I love the way it smells. And it leaves my dog's coat shinier and softer than any other shampoos I've used on previous dogs. 

I bought the bottle when I brought a flea-infested barn kitten home. Then I used it on the current golden after I found a tick on him. And thought he looked and smelled great afterwards. Plus it already has stuff in it for sensitive skin dogs. :curtain:


----------



## Penny & Maggie's Mom (Oct 4, 2007)

kdmarsh said:


> Micro-tek, micro-tek, micro-tek! Flora's not a working dog, but she has plenty of coat to work with!


 
HAHAHAHA! I'm SO glad I'm not the only one touting micro-tek (www.eqyss.com btw). BEST shampoo out there IMO.


----------



## K9-Design (Jan 18, 2009)

Micro-Tek really is awesome, love it 

However I have been using my same home-made kind for 15 some odd years and swear by it. "Try it -- you'll love it"

Equal parts clear Softsoap antibacterial hand soap, white vinegar and water. Wash, rinse and serve.
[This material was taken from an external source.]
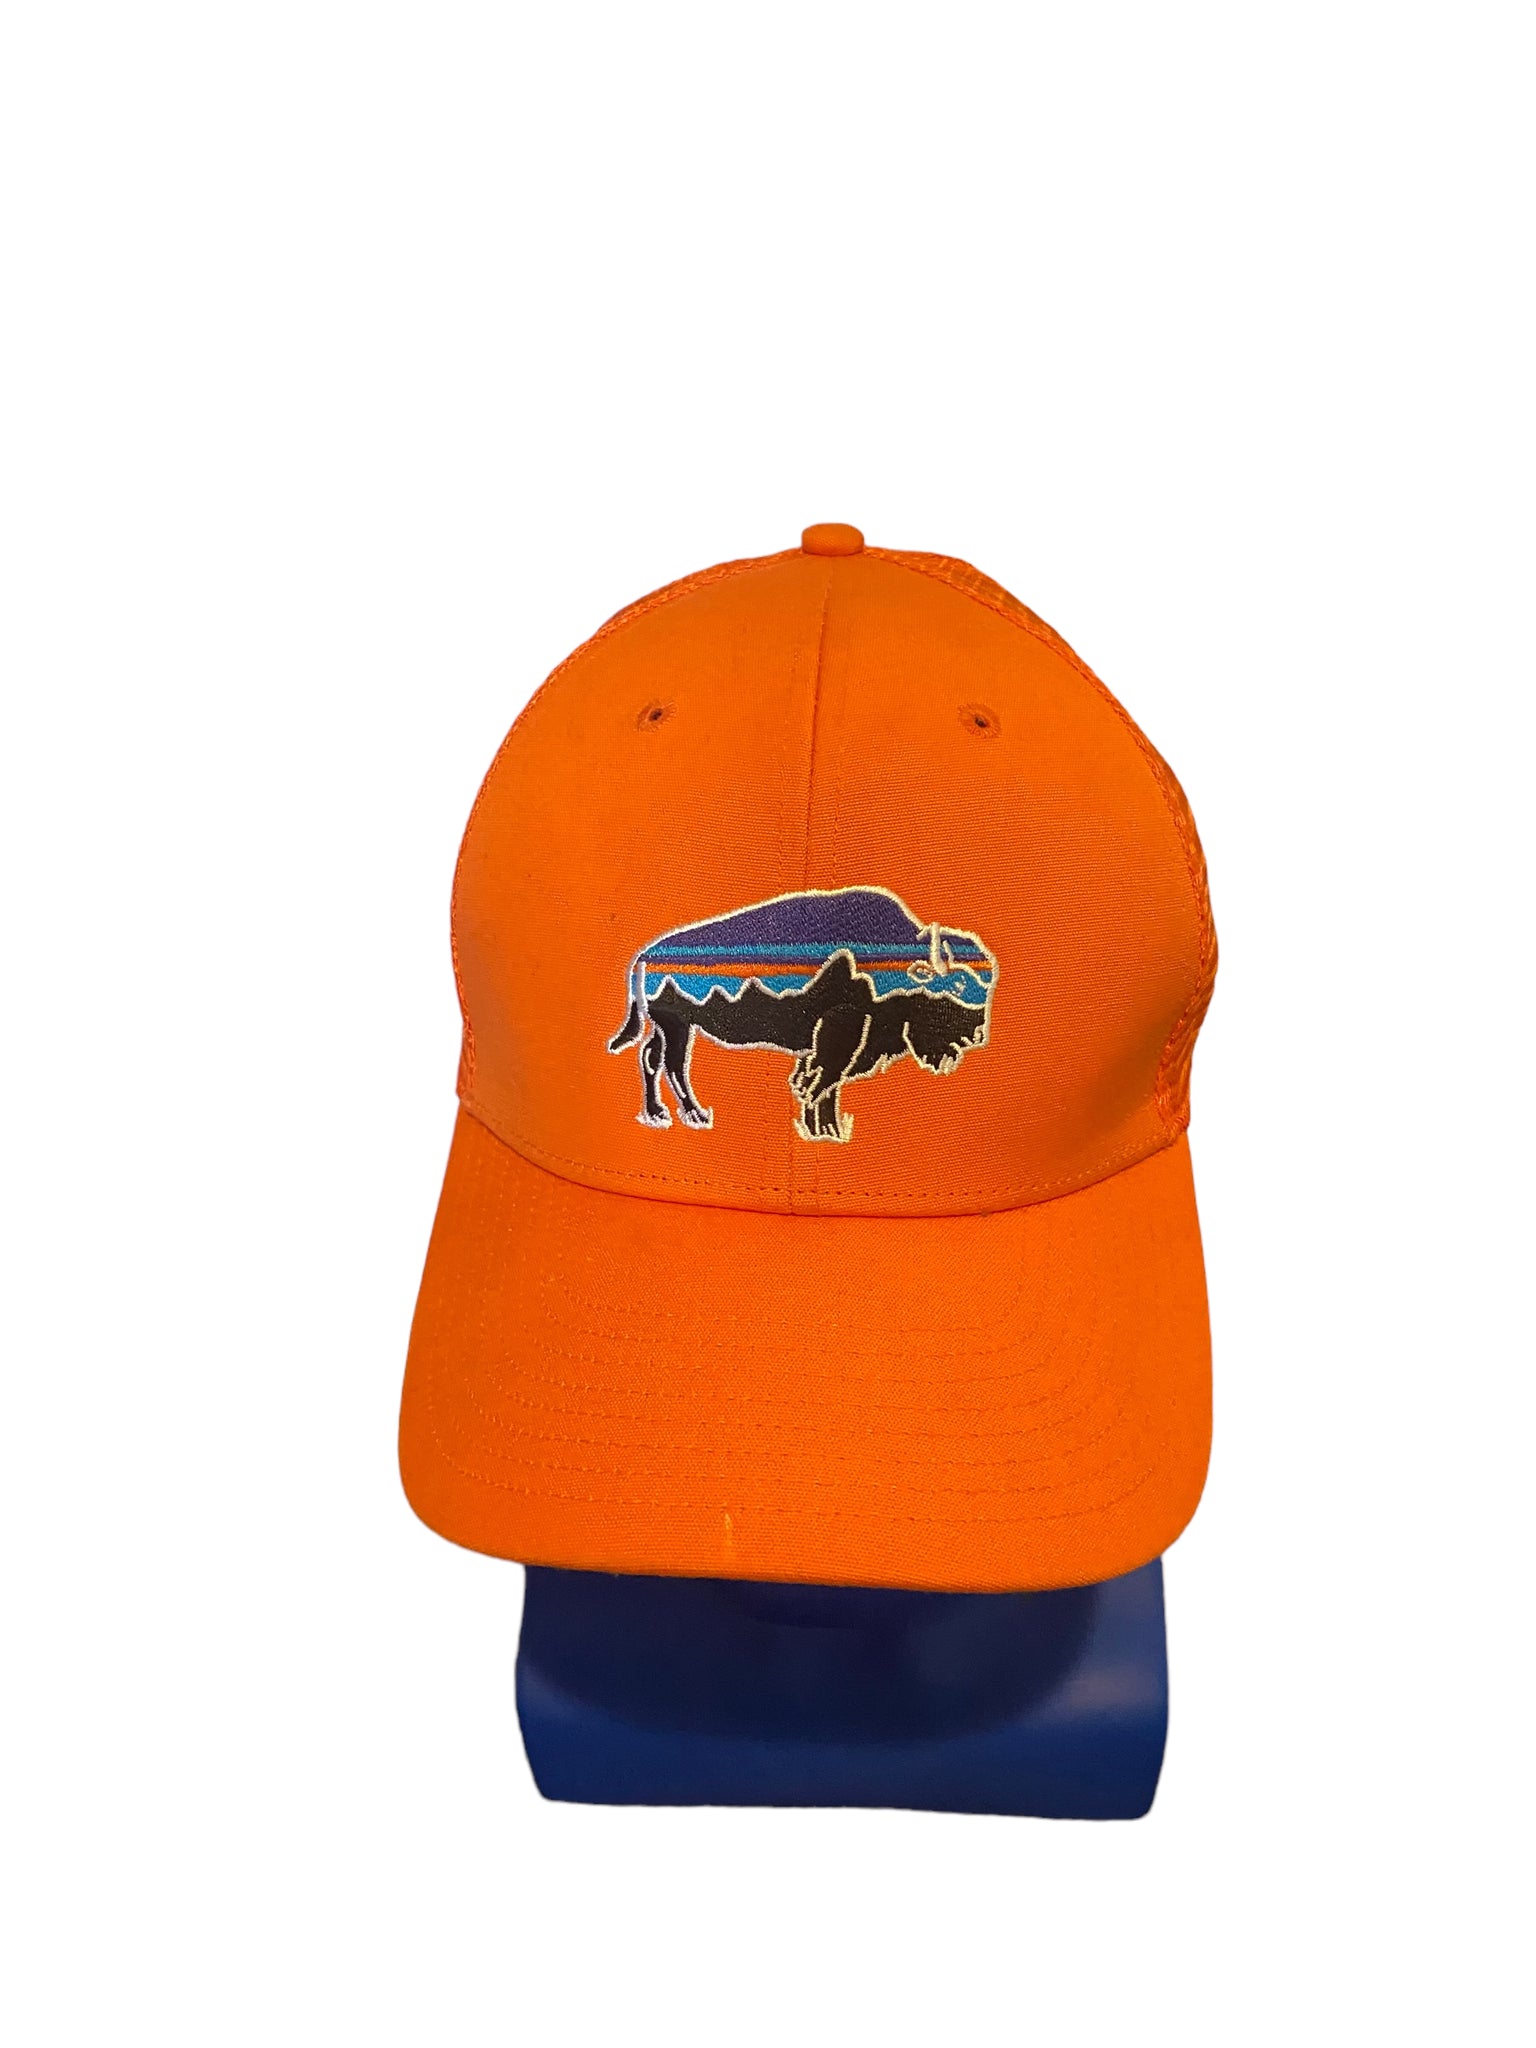 Patagonia Blaze Orange Fitz Roy Bison Buffalo Trucker Hat Mesh Snapback RARE
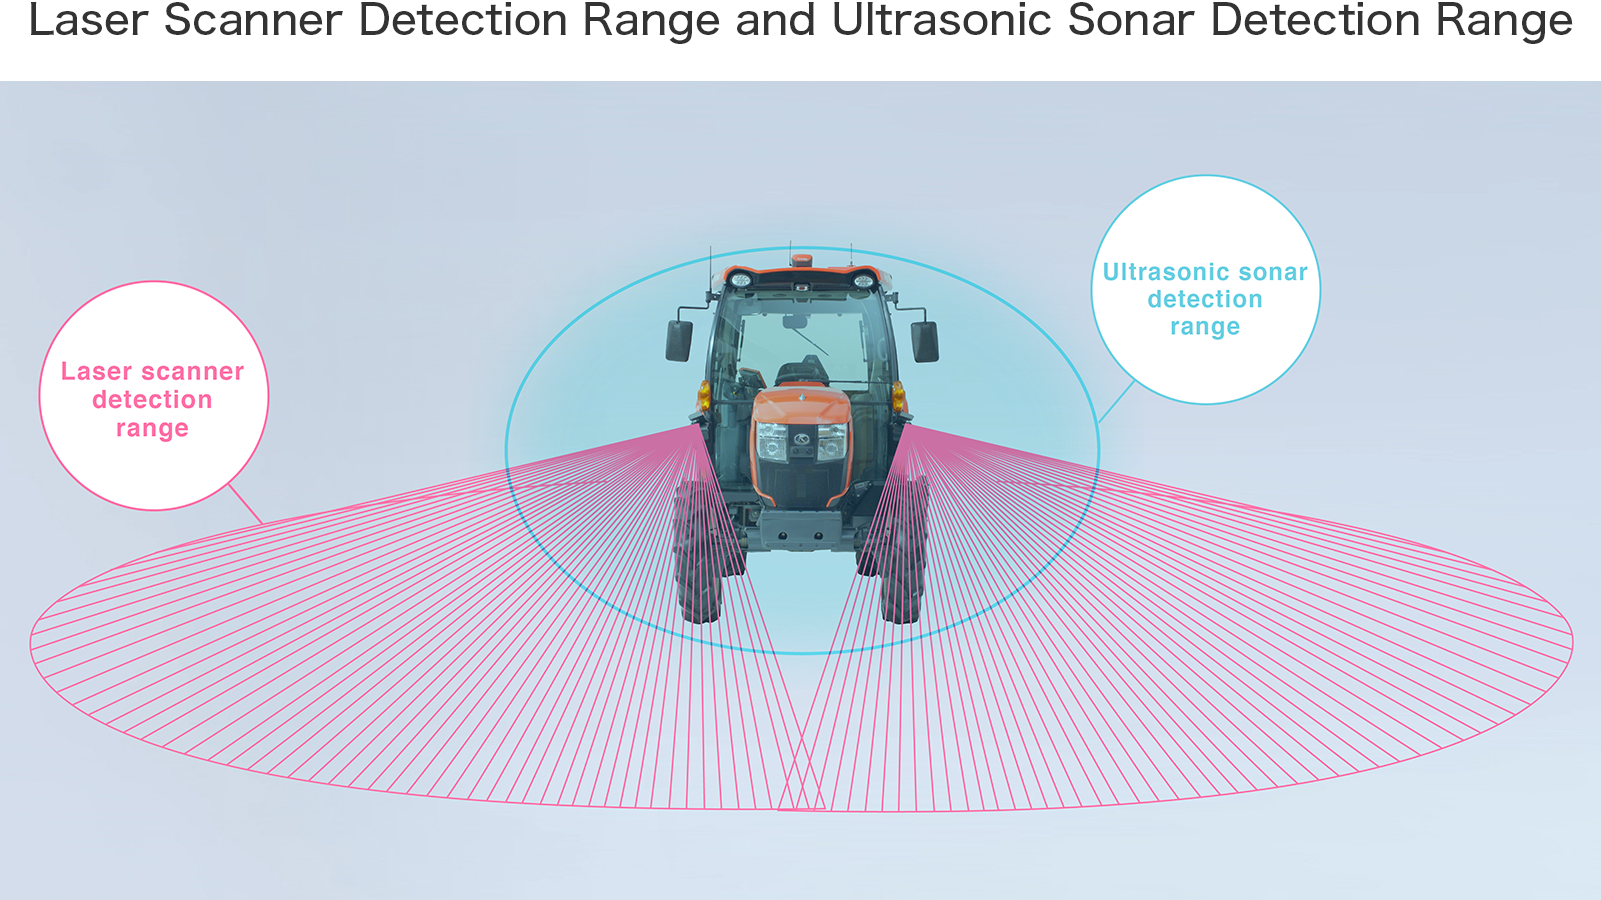 Laser Scanner Detection Range and Ultrasonic Sonar Detection Range

I guarantee you'll like it


----------



## Mssjnnfer (Aug 9, 2009)

I LOVE Earthbath Mango Tango. Good for the environment and it smells AWESOME!








[ame]http://www.amazon.com/Earthbath-Natural-Shampoo-Conditioner-16-Ounce/dp/B0006341VA[/ame]http://www.amazon.com/gp/redirect.h...38039-20&linkCode=ur2&camp=1789&creative=9325<<Earthbath... A LOT cheaper on Amazon.


----------



## Maxs Mom (Mar 22, 2008)

K9-Design said:


> Micro-Tek really is awesome, love it
> 
> However I have been using my same home-made kind for 15 some odd years and swear by it. "Try it -- you'll love it"
> 
> ...


I will have to try this. For my horses for YEARS I bathed them in Ivory, and used a vinegar rinse. It worked well for me. 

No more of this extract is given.